Robin avoided describing the crash as a suicide.

“Usually, when someone commits suicide, he is alone,” he said. “When you are responsible for 150 people at the back, I don’t necessarily call that a suicide.”

In the German town of Montabaur, acquaintances told The Associated Press that Lubitz appeared fine when they saw him last fall as he renewed his glider pilot’s license.

“He was happy he had the job with Germanwings and he was doing well,” said a member of the glider club, Peter Ruecker, who watched Lubitz learn to fly. “He gave off a good feeling.”

Ruecker said he remembers Lubitz as “rather quiet but friendly” when he first showed up at the club as a 14- or 15-year-old saying he wanted to learn to fly.

Lubitz was accepted as a Lufthansa pilot trainee after finishing a tough German college preparatory school, Ruecker said.

Lubitz’s Facebook page, deleted Tuesday, showed a smiling man in a dark brown jacket posing in front of the Golden Gate Bridge in San Francisco. It was restored as an “In Memory” site following the French prosecutor’s news conference.

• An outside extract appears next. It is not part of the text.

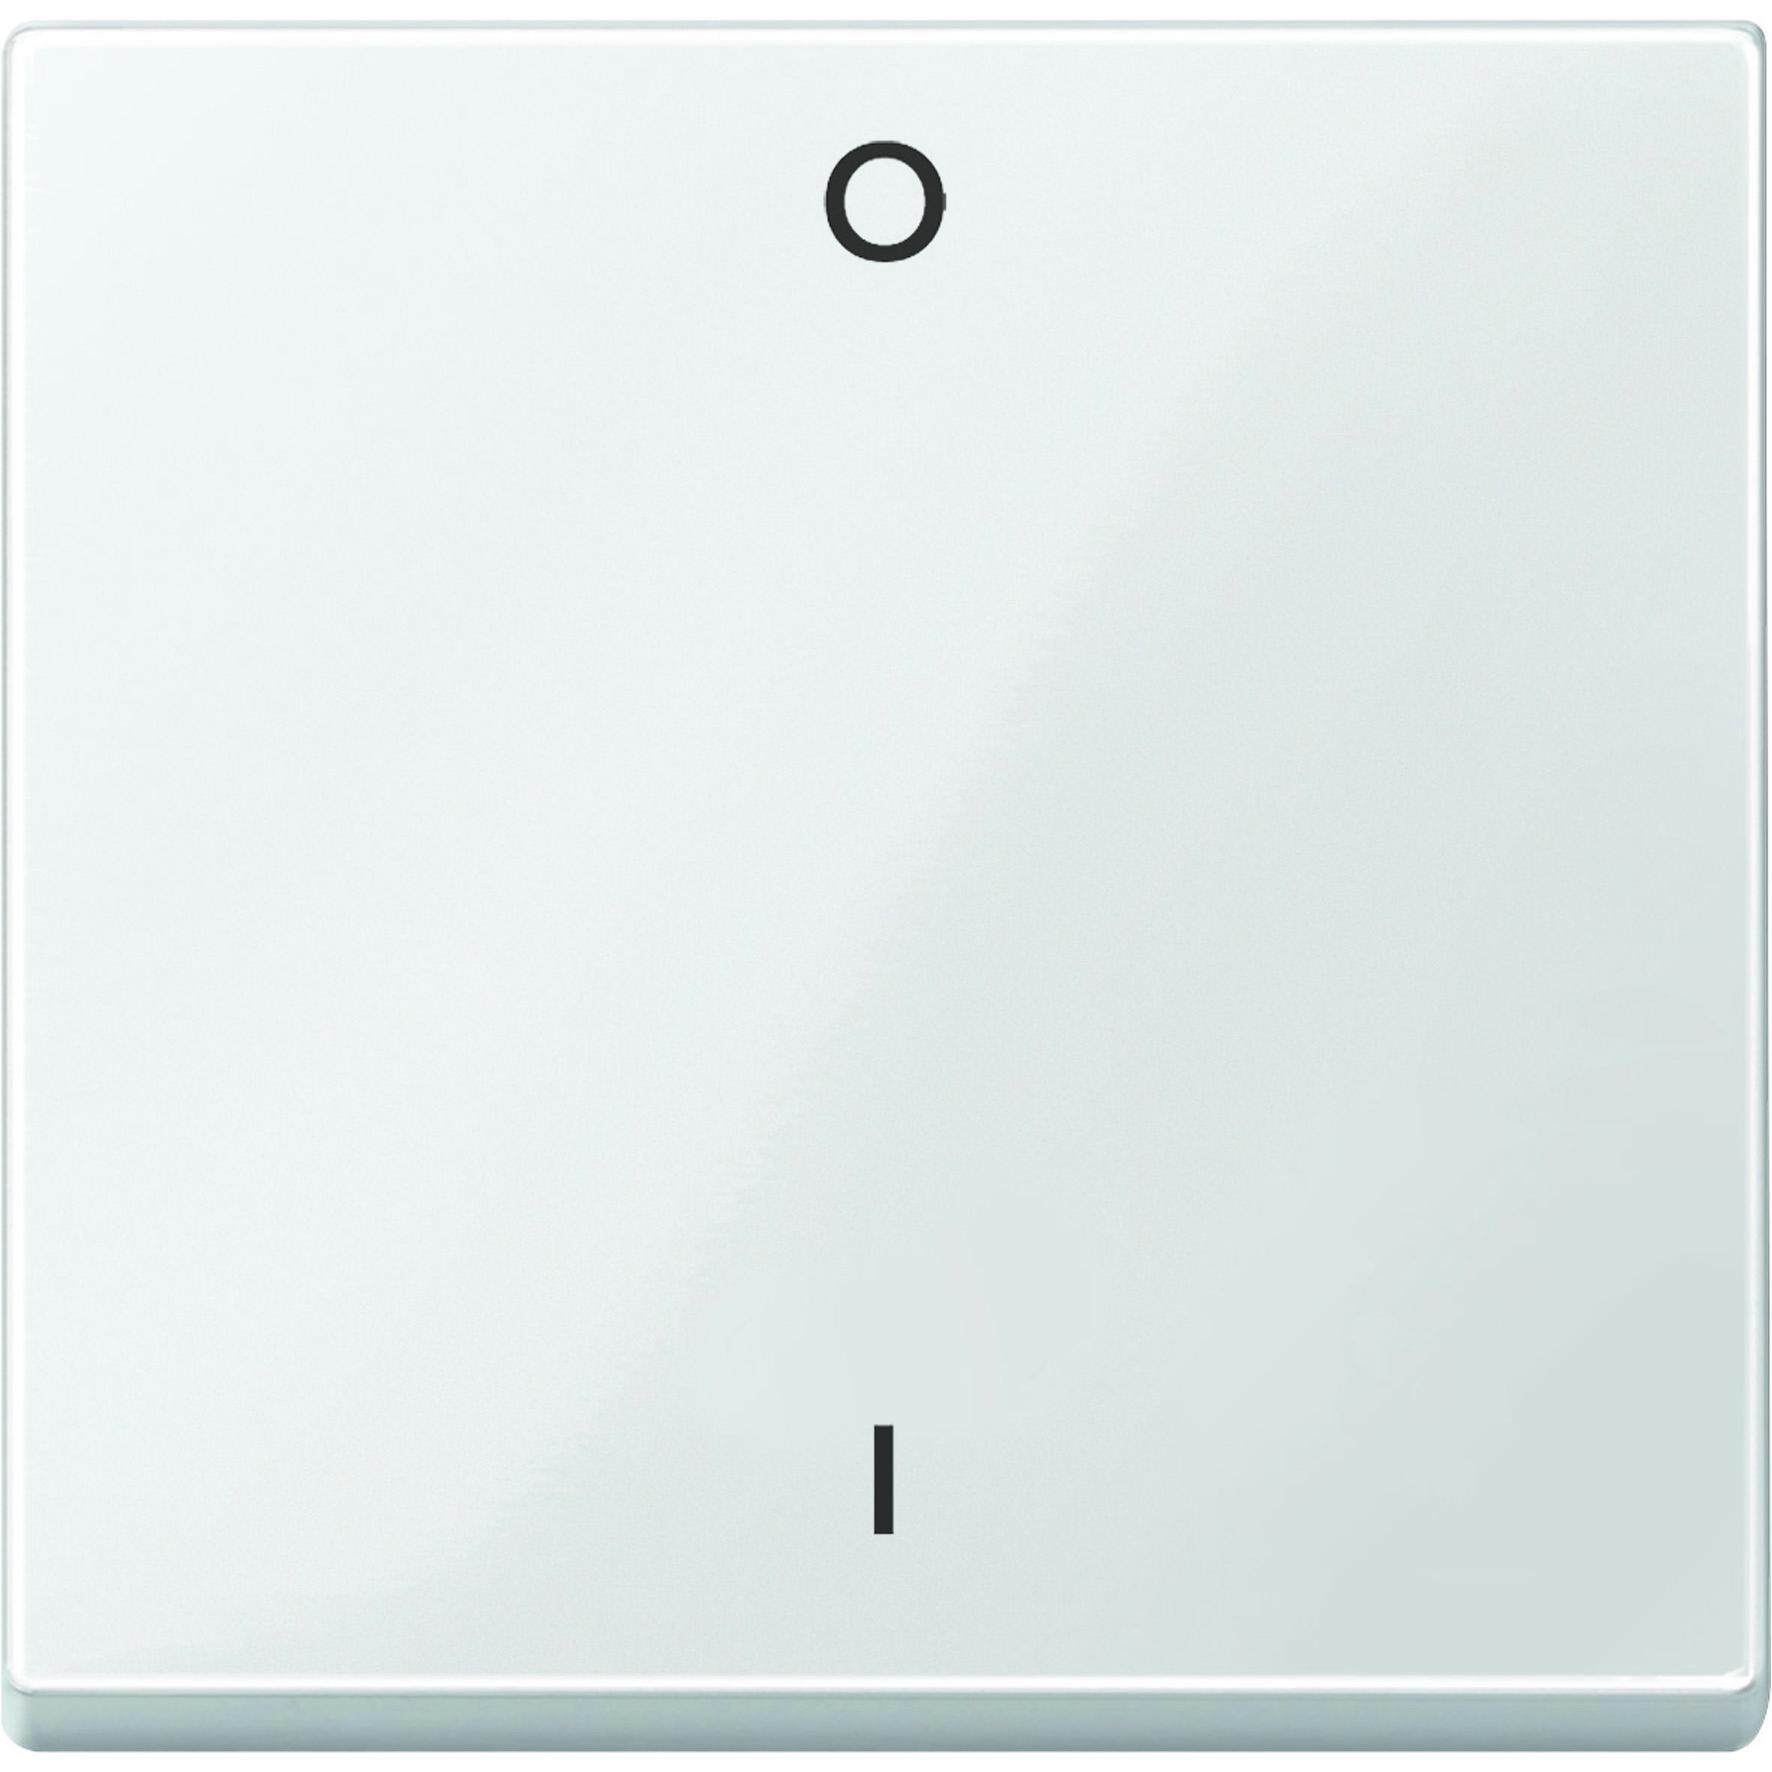 Schneider-Merten systeem M wip met aanduiding 0/1 - polarwit glanzend (MTN432219)

At the crash site, helicopters shuttled back and forth Thursday as investigators continue retrieving remains and pieces of the plane, shattered from the high-speed impact of the crash.

The principal of Joseph Koenig High School in Haltern, Germany, which lost 16 students and two teachers in the crash, said the state governor called him to tell him about the probe’s conclusion.

“It is much, much worse than we had thought,” principal Ulrich Wessel said.